Exact copies of all the lines below are needed, without the pictures.

[[ DATASET EXTRACT open ]]

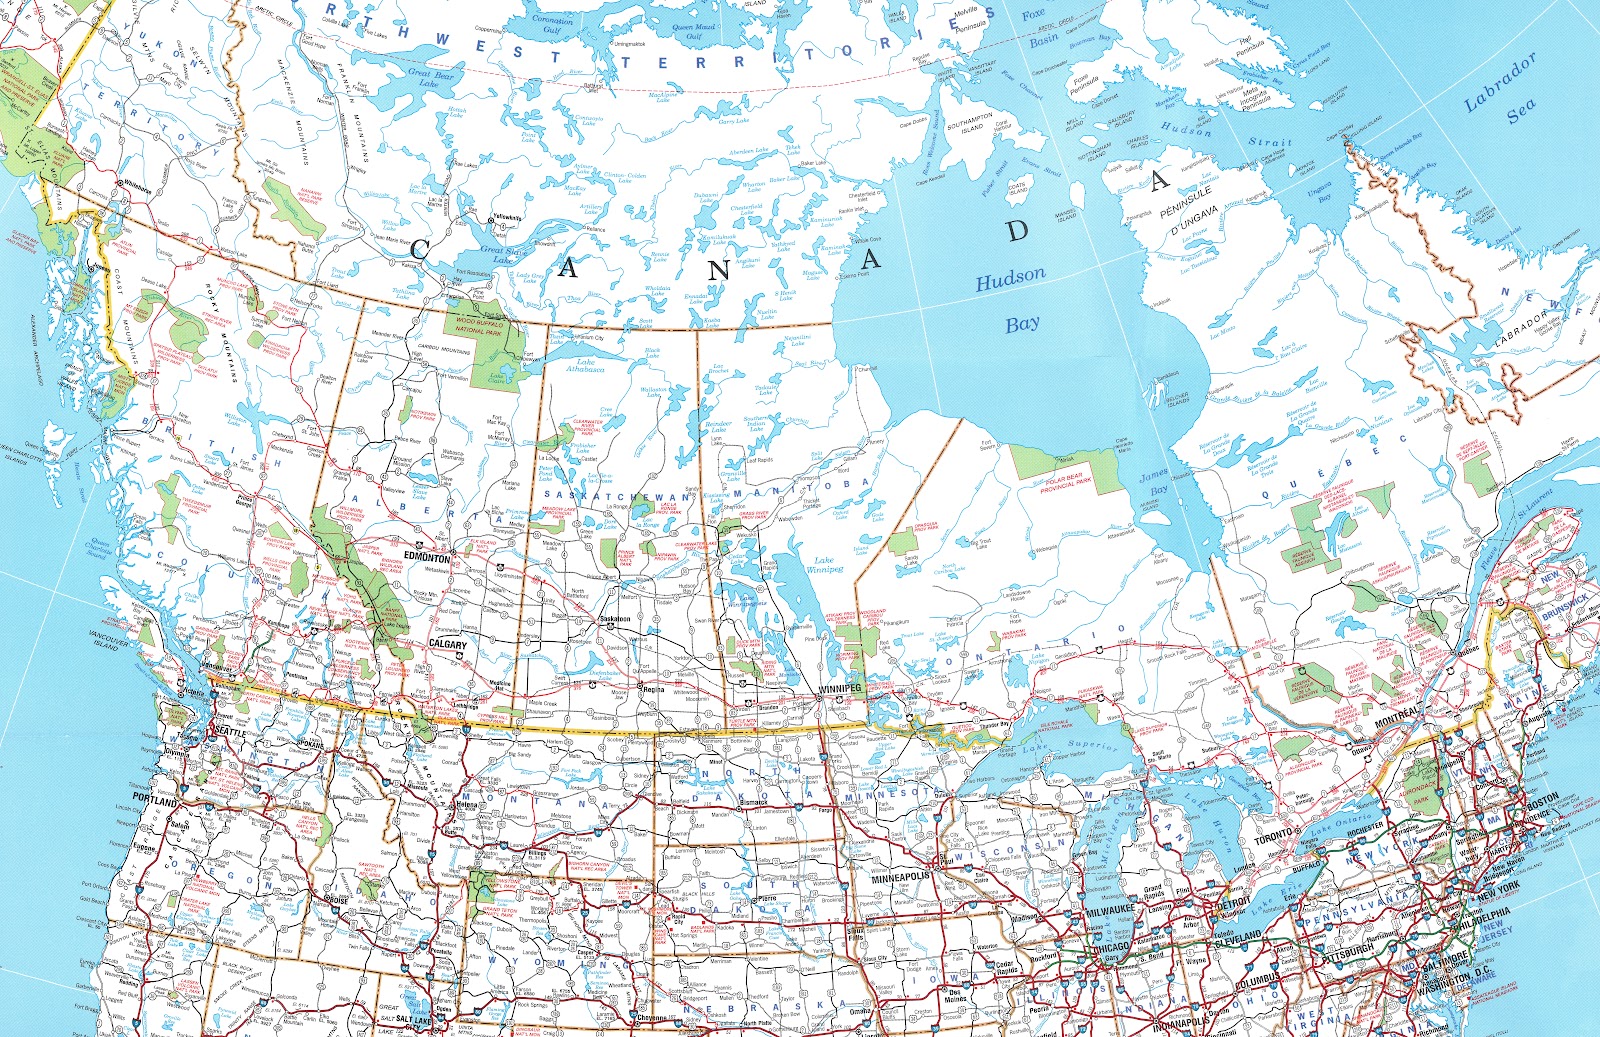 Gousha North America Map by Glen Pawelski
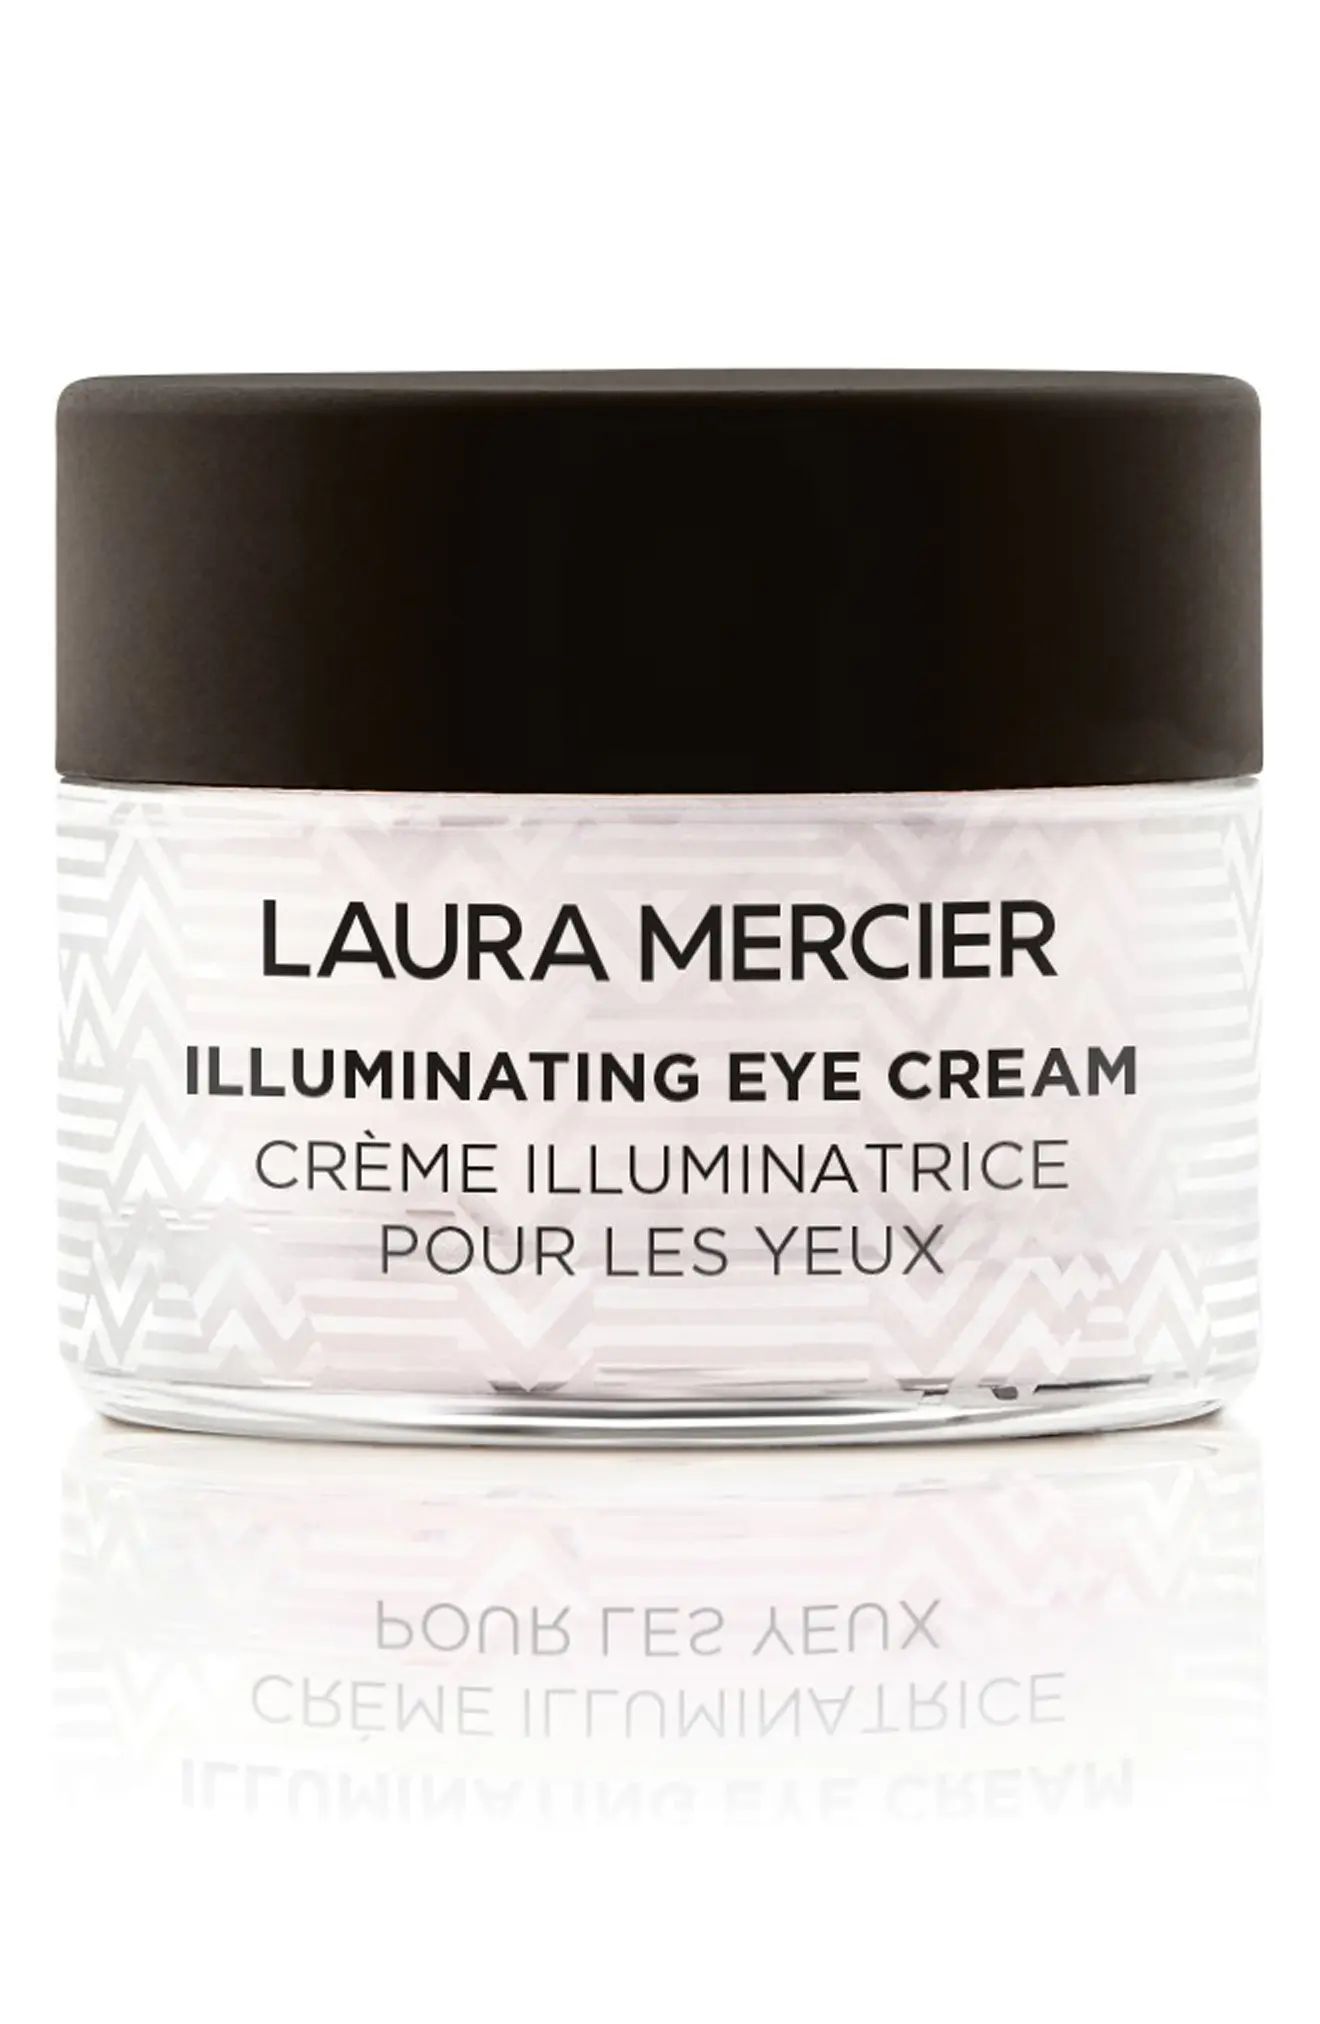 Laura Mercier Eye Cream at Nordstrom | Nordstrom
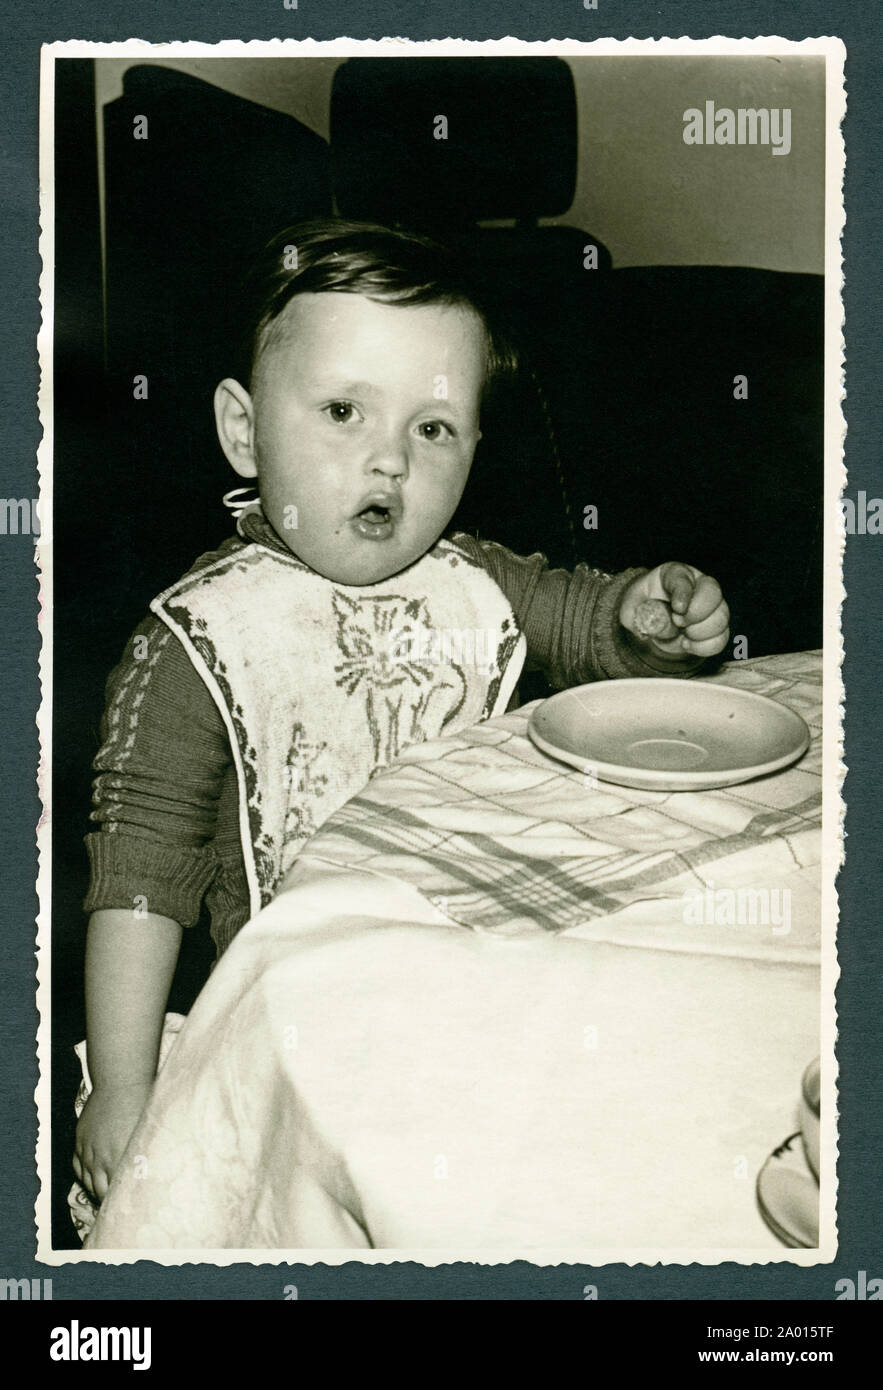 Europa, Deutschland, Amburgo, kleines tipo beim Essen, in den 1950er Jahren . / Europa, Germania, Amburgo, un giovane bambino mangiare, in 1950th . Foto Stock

[[ DATASET EXTRACT closed ]]

* **REPLY**
 Gousha North America Map by Glen Pawelski
 Laura Mercier Eye Cream at Nordstrom | Nordstrom
 Europa, Deutschland, Amburgo, kleines tipo beim Essen, in den 1950er Jahren . / Europa, Germania, Amburgo, un giovane bambino mangiare, in 1950th . Foto Stock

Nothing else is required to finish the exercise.